Work instructions
From the material below, set down exactly the lines that run from the one containing "Ian McKellen photo gal..." to the one containing "Pittsburgh Steelers Hoodie", minus the pictures.

Listed entries

※

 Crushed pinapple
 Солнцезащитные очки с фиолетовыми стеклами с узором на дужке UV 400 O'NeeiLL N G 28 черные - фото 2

※

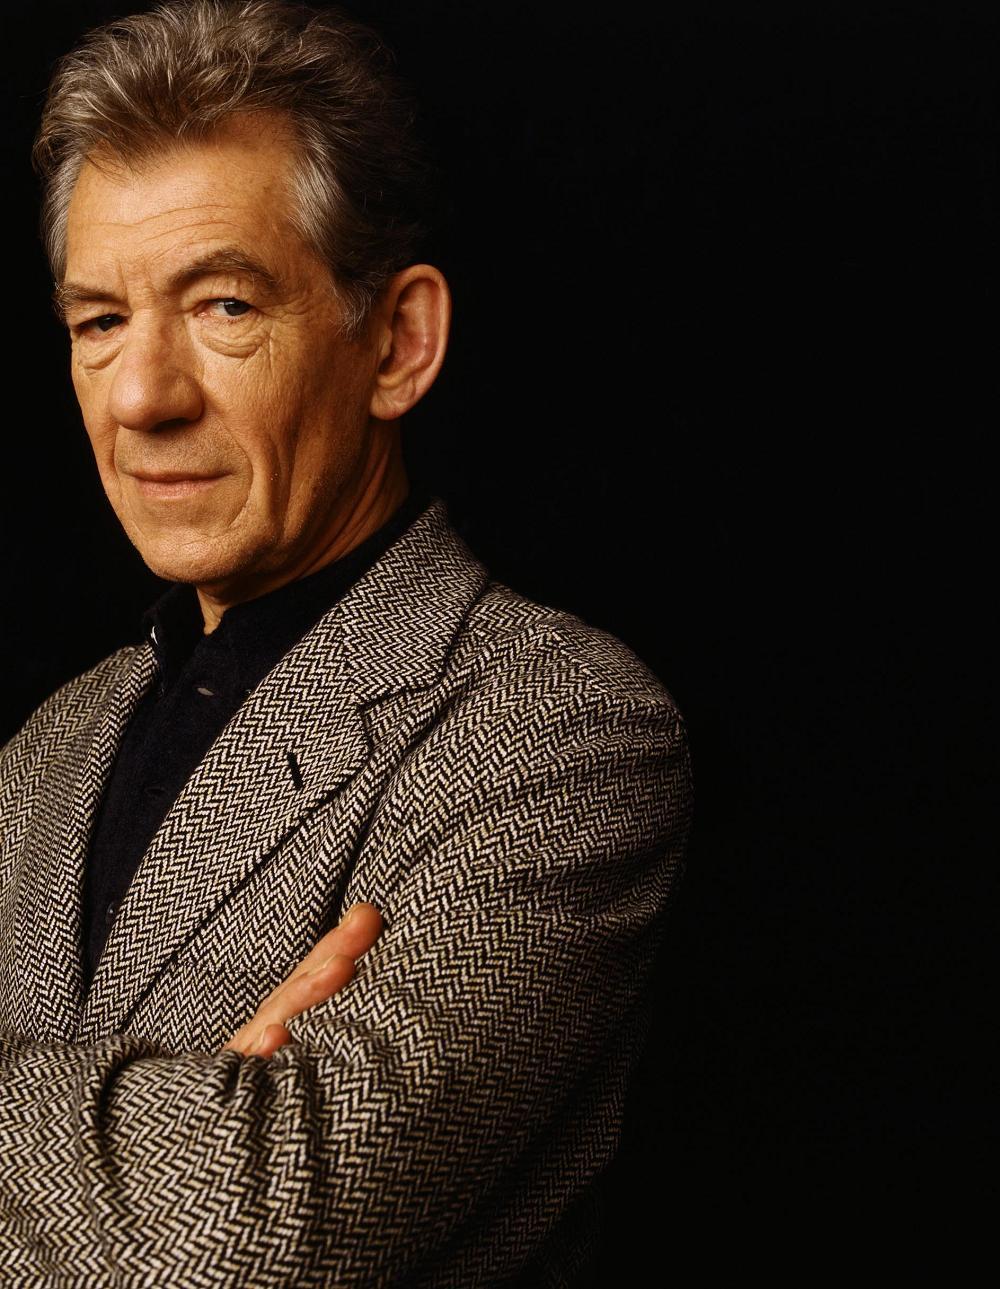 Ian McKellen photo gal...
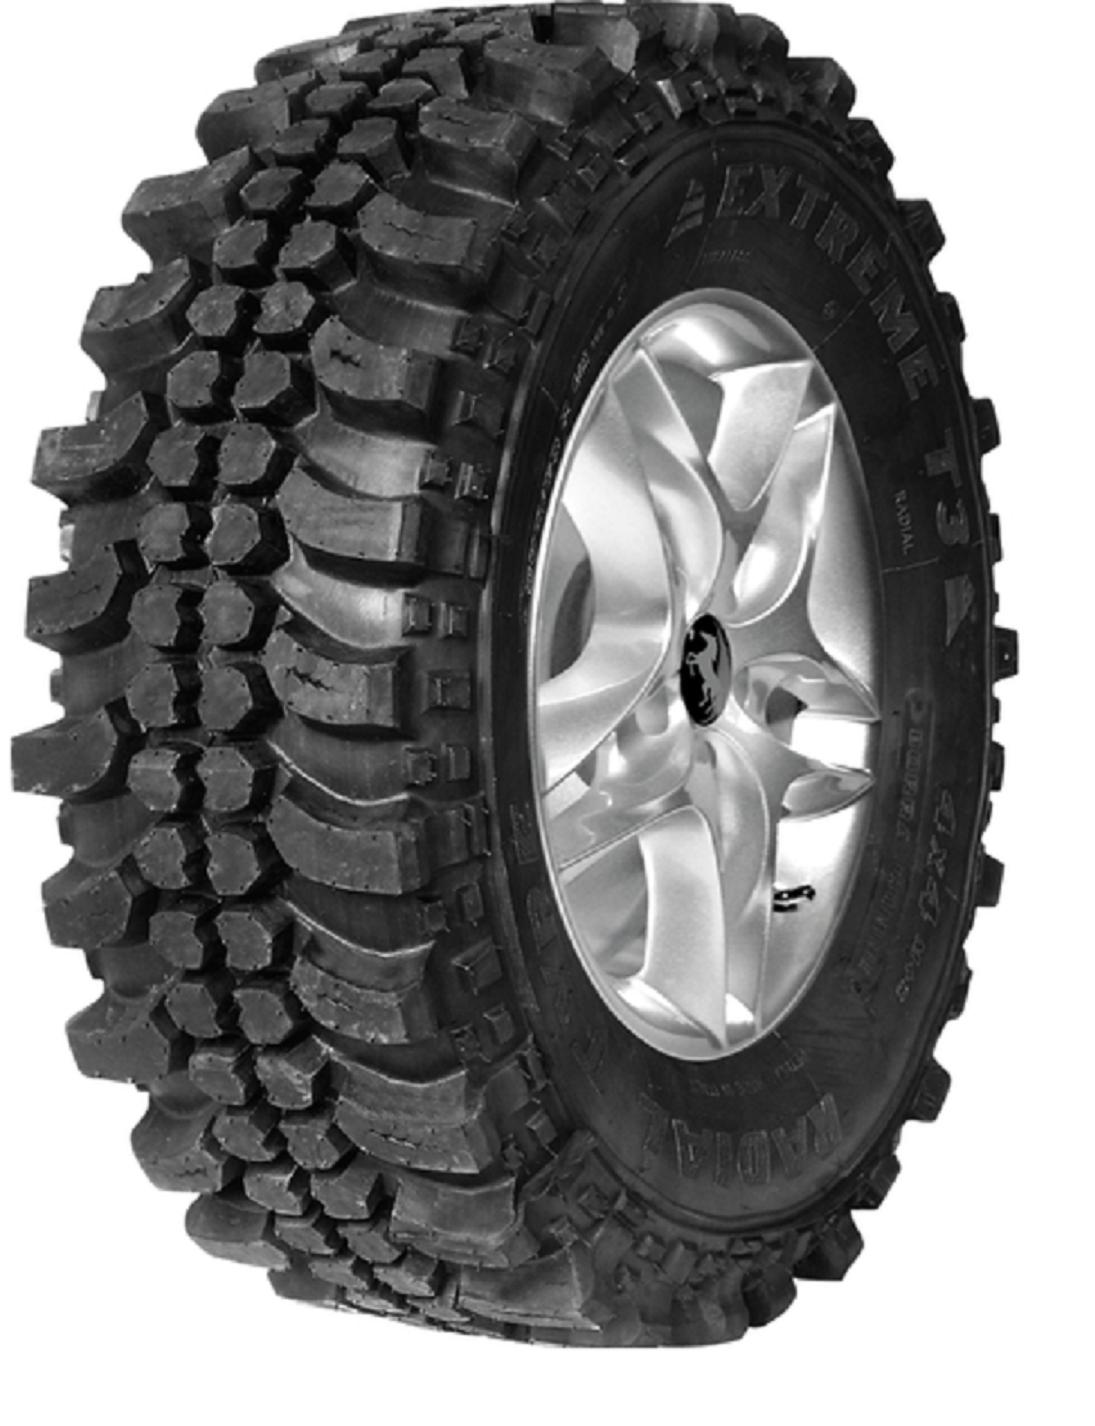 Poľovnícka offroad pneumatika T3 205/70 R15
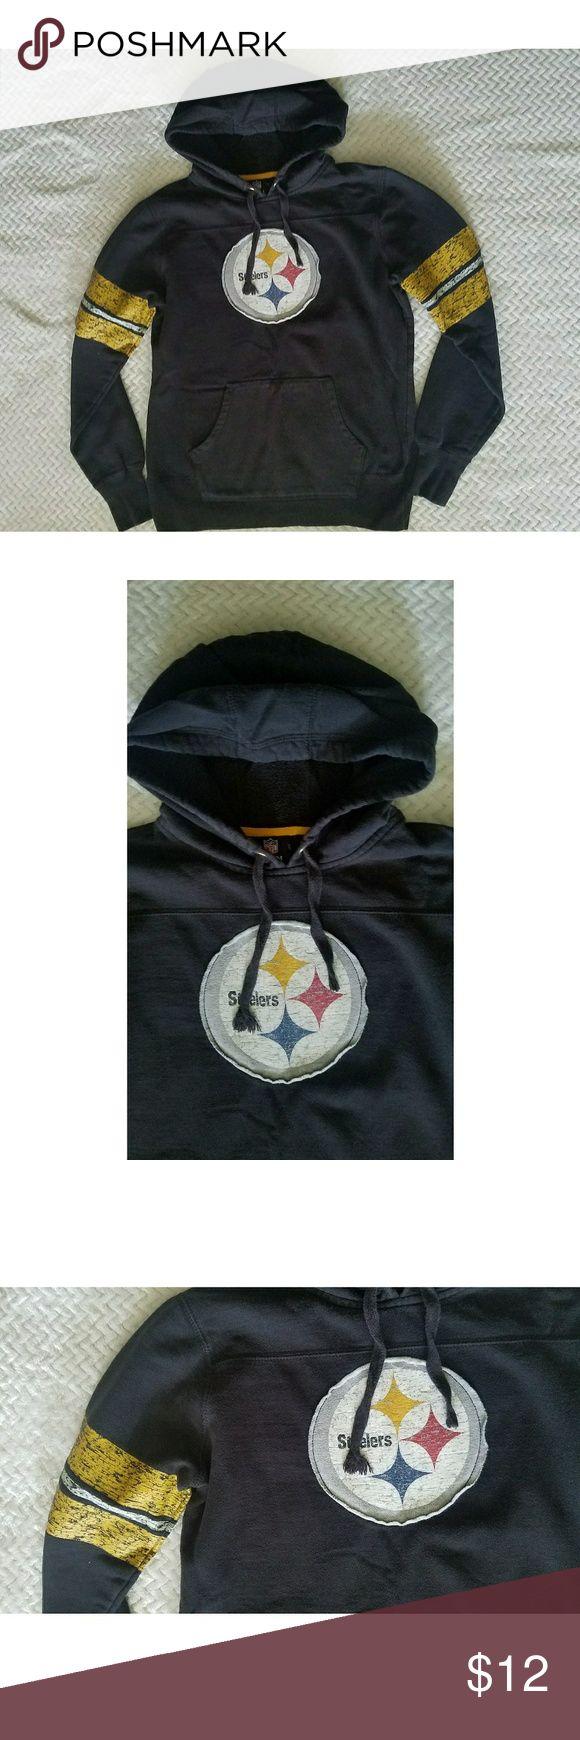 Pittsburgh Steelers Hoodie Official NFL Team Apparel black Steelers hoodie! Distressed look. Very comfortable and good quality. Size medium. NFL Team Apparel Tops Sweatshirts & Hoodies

※

Reply to the exercise
 Ian McKellen photo gal...
 Poľovnícka offroad pneumatika T3 205/70 R15
 Pittsburgh Steelers Hoodie Official NFL Team Apparel black Steelers hoodie! Distressed look. Very comfortable and good quality. Size medium. NFL Team Apparel Tops Sweatshirts & Hoodies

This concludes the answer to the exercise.